In the mornings we always welcomed the day looking at your Poteau Mountain.
And far away the mists crawling over its topmost trees towards the base –
the sun rays up through the field, a race.
A visual prompt of creation’s way, and you would say – it’s going to be is a pretty day.
Our conversation would turn a phrase while we drank our coffee
and up the hill, the blue-green tinted tree line spilled into oak and rock about halfway down.
In summer, with the evergreen on display – it always was a pretty day.
In autumn when the leaves turned red, we made a trek – the road ahead was rocky, steep,
We climbed the hills and look out on the valley’s thrills below.
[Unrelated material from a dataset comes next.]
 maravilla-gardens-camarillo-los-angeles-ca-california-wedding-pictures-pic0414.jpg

A cloud passed through the brush and stayed. It blocked our view but didn’t ruin that pretty day.
A frost would settle winter mornings on the upper trees under a cloudless awning clear and blue. And as we sat behind a framed glass view, the window shared your mountain too.
With winter’s frigid accolades, you never ceased to smile and say – it sure is a pretty day.
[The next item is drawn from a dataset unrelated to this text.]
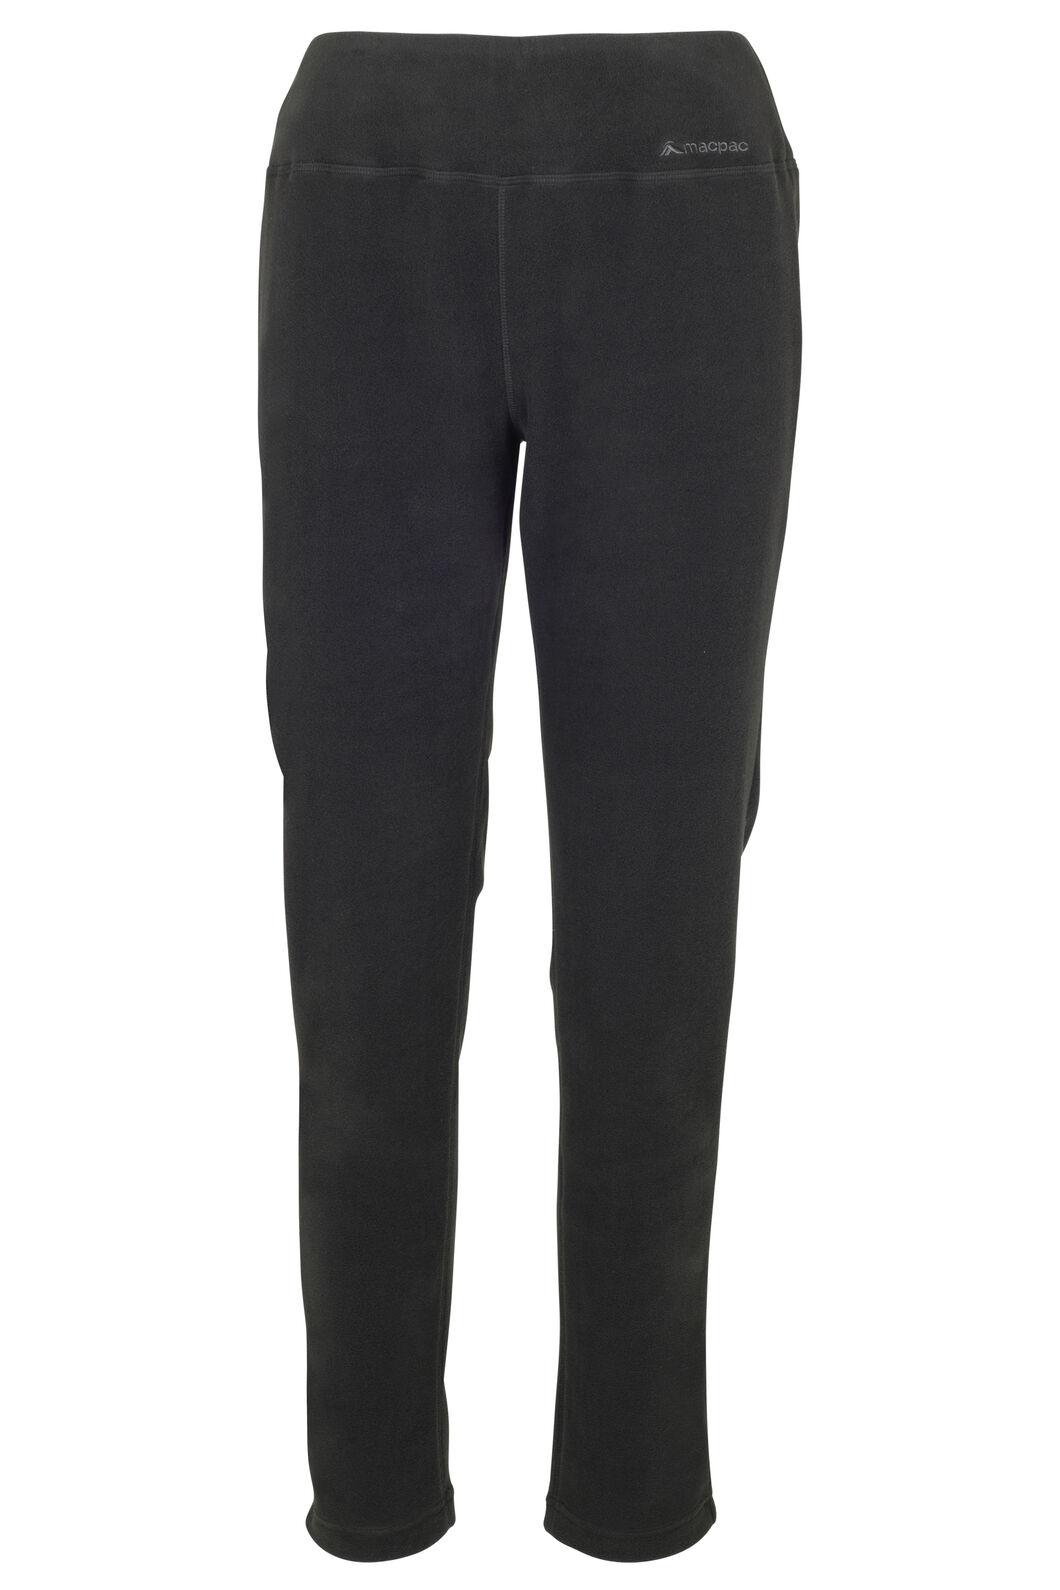 Macpac Tui Polartec® Micro Fleece® Pants — Women's, Black, hi-res

Springtime storms would hang and cling, the thunder from your mountain sings a song of praise and grace. The distant rumbling warned of storms, but you were never made forlorn or worn or gray. Even this was such a pretty day.
Those mornings when you weighed your heart, did you ask God for each fresh start?
The mountain only in your view – a post -but sky and land beyond that too.
And all this scene of wondrous awe, the trees, the sky, the rocks and all
in your witness, don’t dismay –He said –
for here Patricia is your pretty day.